Yesterday when I tried to follow up on the status of the digitisation project, I was amused by the fact that very few people were in the office at Transmedia, supposedly running with the digitisation cross over. This painted a picture of students scurrying around to prepare for a test they knew about 9 years ago but still weren’t ready for.
Well, the test has finally arrived and as most people are already aware of, Zimbabwe has missed the ITU digital migration deadline. It’s what most of us expected really.
This isn’t the first digital migration deadline to be missed. SADC set its own deadline of 2013, by which time the SADC block was supposed to have complied with the ITU requirements. We missed that one first and were supposed to be ready for this ITU deadline by today.
The funny thing is that these regulations were agreed to way back in 2006 and here we thought we could do a last minute crunch and complete it in six months.
To be fair, Zimbabwe isn’t the only country that’s missed the deadline. South Africa and Nigeria, the two largest economies in Africa also missed the same deadline. The ITU, on the other hand, has stressed that it will not be moving the deadline to accommodate the slow movers.
The signs were clear really. Firstly at least 3 million set-top boxes were going to be needed to connect households. With no talk of who could have been selling these and no tenders announced in the same manner ZBC shouts about licencing, one could easily assume the worst.

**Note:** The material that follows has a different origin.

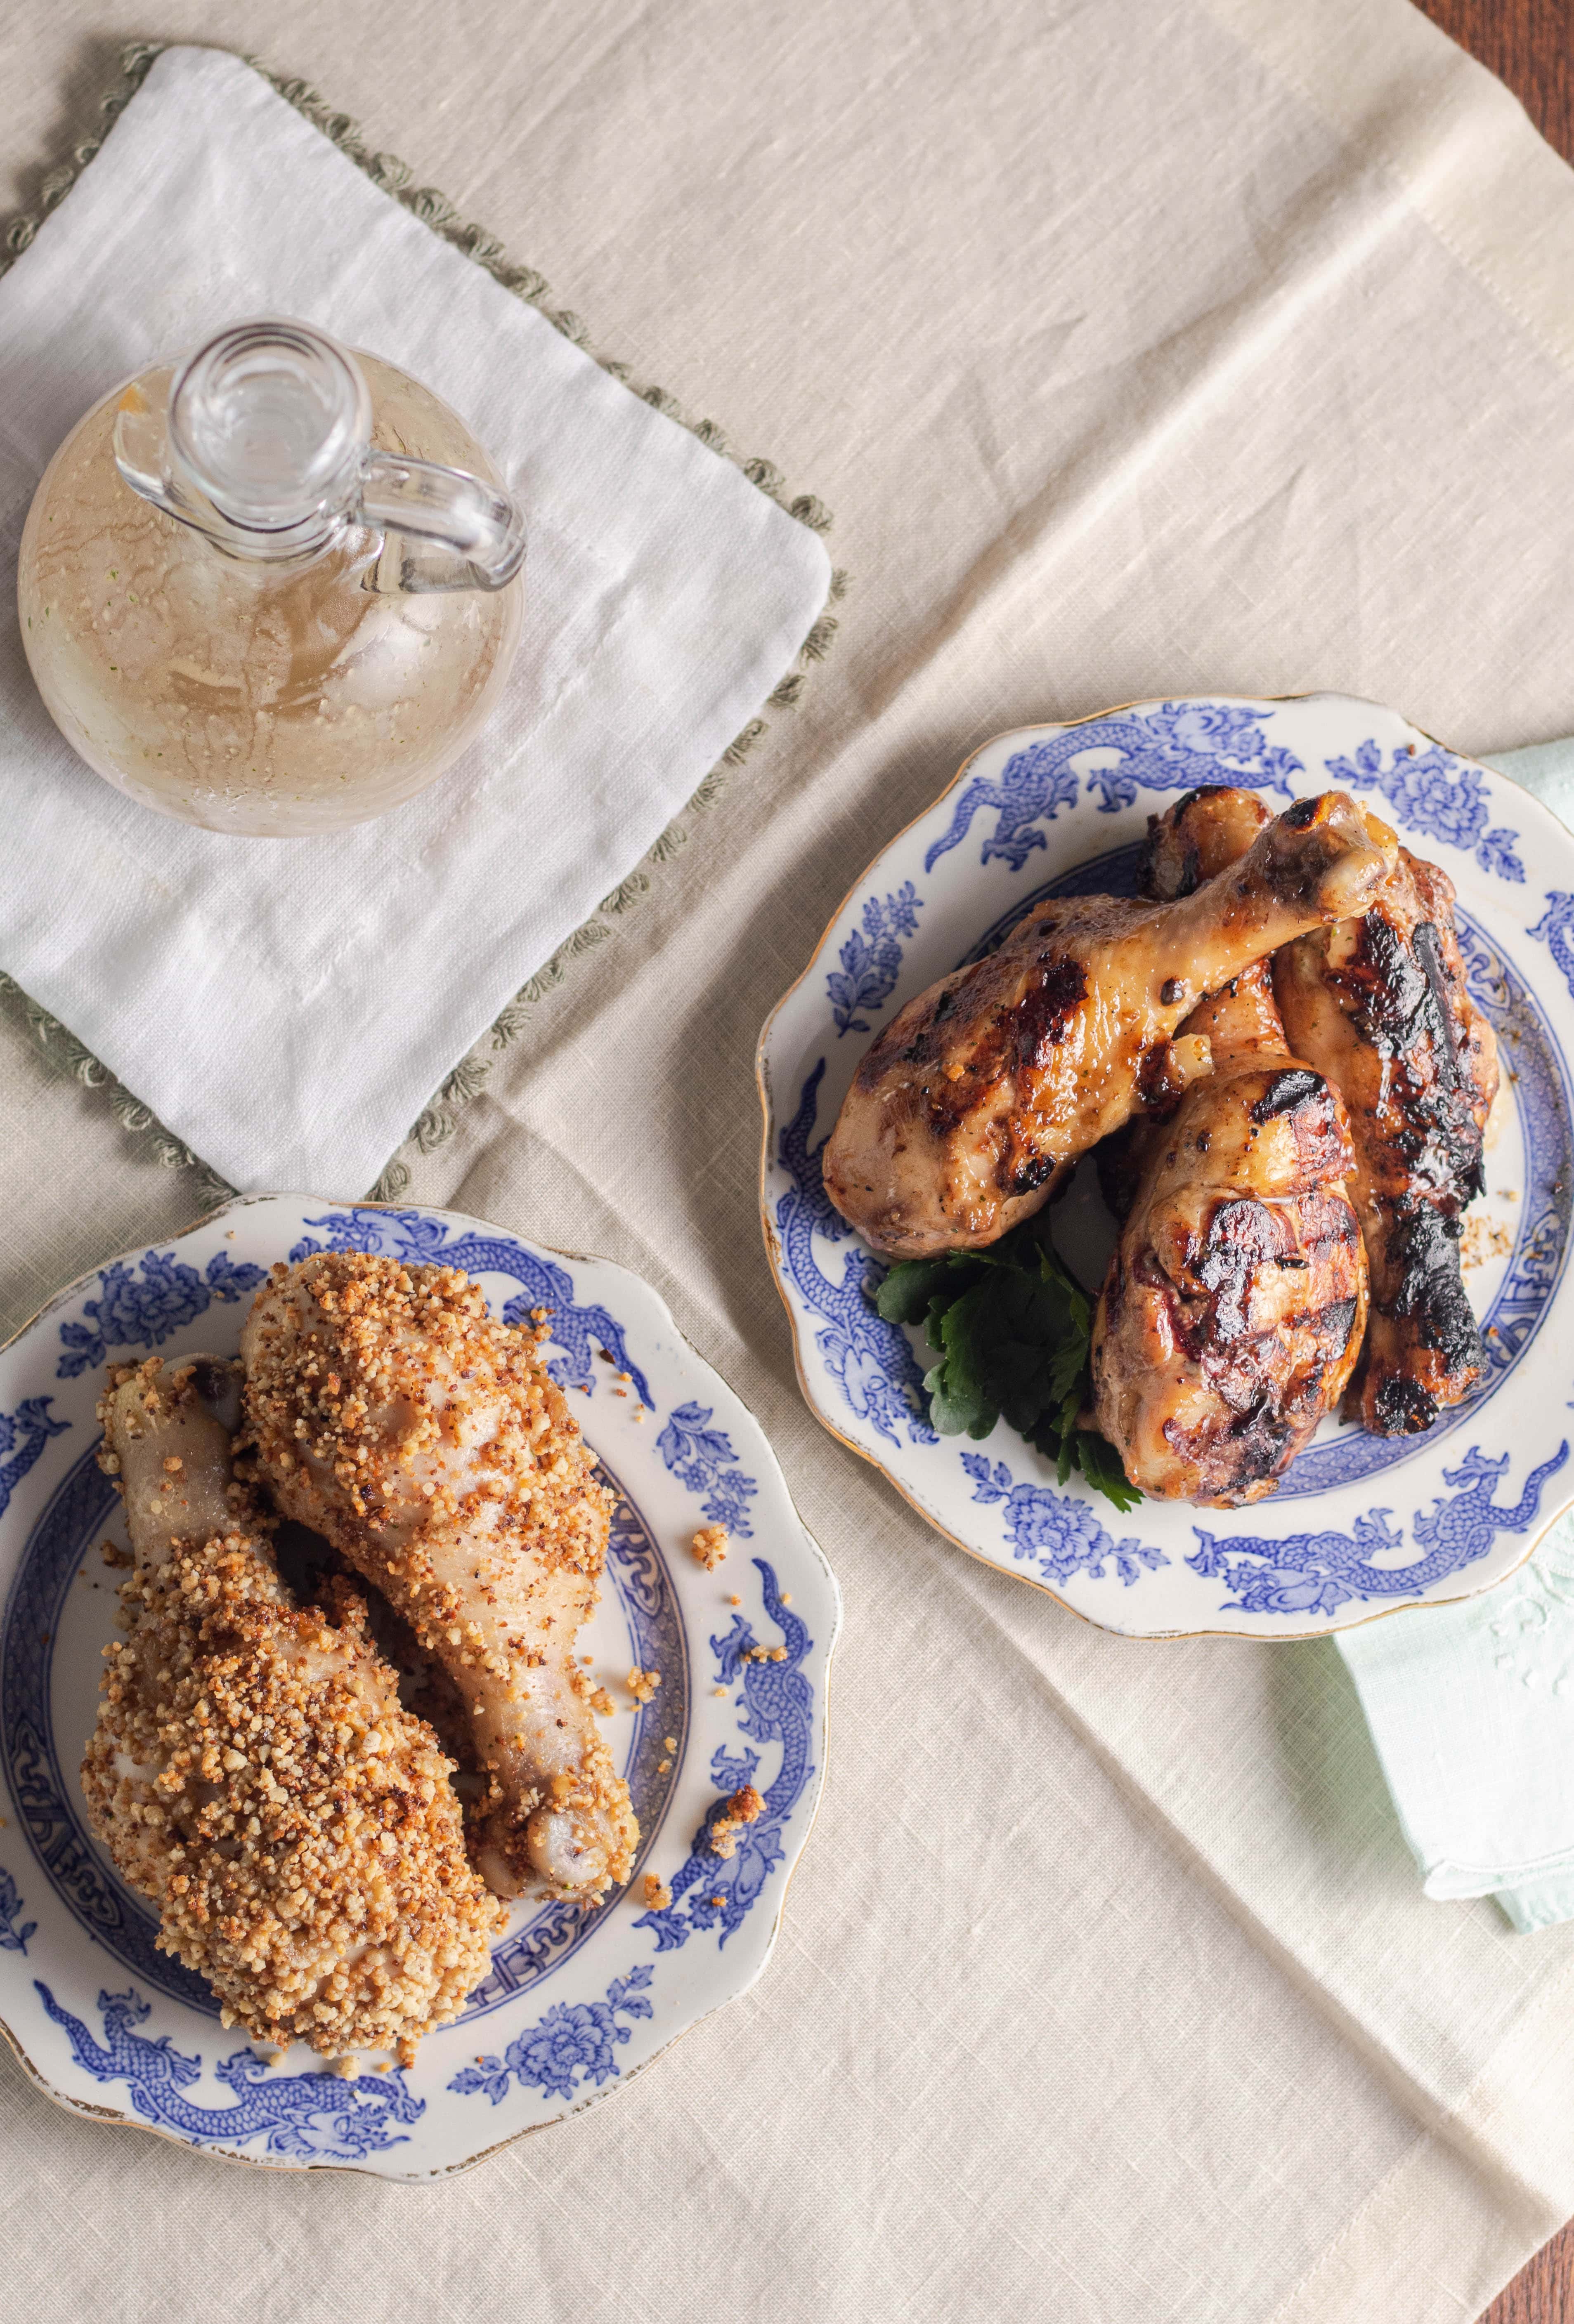 Marinated chicken drumsticks are baked till crispy or grilled.

The issue around the securing of the right sort of content for digital broadcast hasn’t been fully wrapped up also. If that had been the case, we wouldn’t have heard the last of it, with constant reminders of awesome programme lineups.
Struggles with the finances, the usual scapegoat for project delays wasn’t the factor this time. While the 2014 budget allocation for Information, Media and Broadcasting Services was a mere $5,5 million against a required $173 million, the funds required for migration were secured earlier this year.
Still, this didn’t prevent some mention of challenges with dollars in this deadline failure. It’s been reported by The Herald that the CEO of the Broadcasting Authority of Zimbabwe, Obert Muganyura, has said that sanctions affected the wiring of money to equipment suppliers.
So we missed a deadline, what does that change anyway?
What does this failure mean anyway? Zimbabwe will only start receiving digital signals in November according to Obert Maganyura, we get that. But what are the implications for everyone?
Firstly, it means that ZBC television viewers will not be switched off or interrupted from their normal viewing schedule as there is no need for the set-top box, well not just yet.
Secondly it means ZBC viewers will be stuck with the same 2 channels that they have been watching all along. The 8 channels provisionally spoken about for the initial stage of digitization will not be available just yet, nor will PayTV, Mobile TV, Web TV or the interactive services currently available on DStv for example. Basically, it’s the same Dead-BC that we are accustomed to.
At a more international level, it means that these countries that have failed to migrate have wavered their right to protection from signal interference. This means Zimbabwe may find it very difficult find ground to shut out problematic offshore radio stations like Studio 7 not accredited to broadcast in Zimbabwe.
What does this mean for SADC? One of the challenges of analogue terrestrial broadcast is that it crosses state borders, a situation that allows one country the ability to broadcast into and interfere with another’s sovereign space and broadcast signals.
The indications at SADC level are that Botswana, Lesotho, Swaziland, Mozambique, Namibia, Zimbabwe and South Africa were finalising agreements to control and minimise the threat of signal interference across borders as a provisional measure.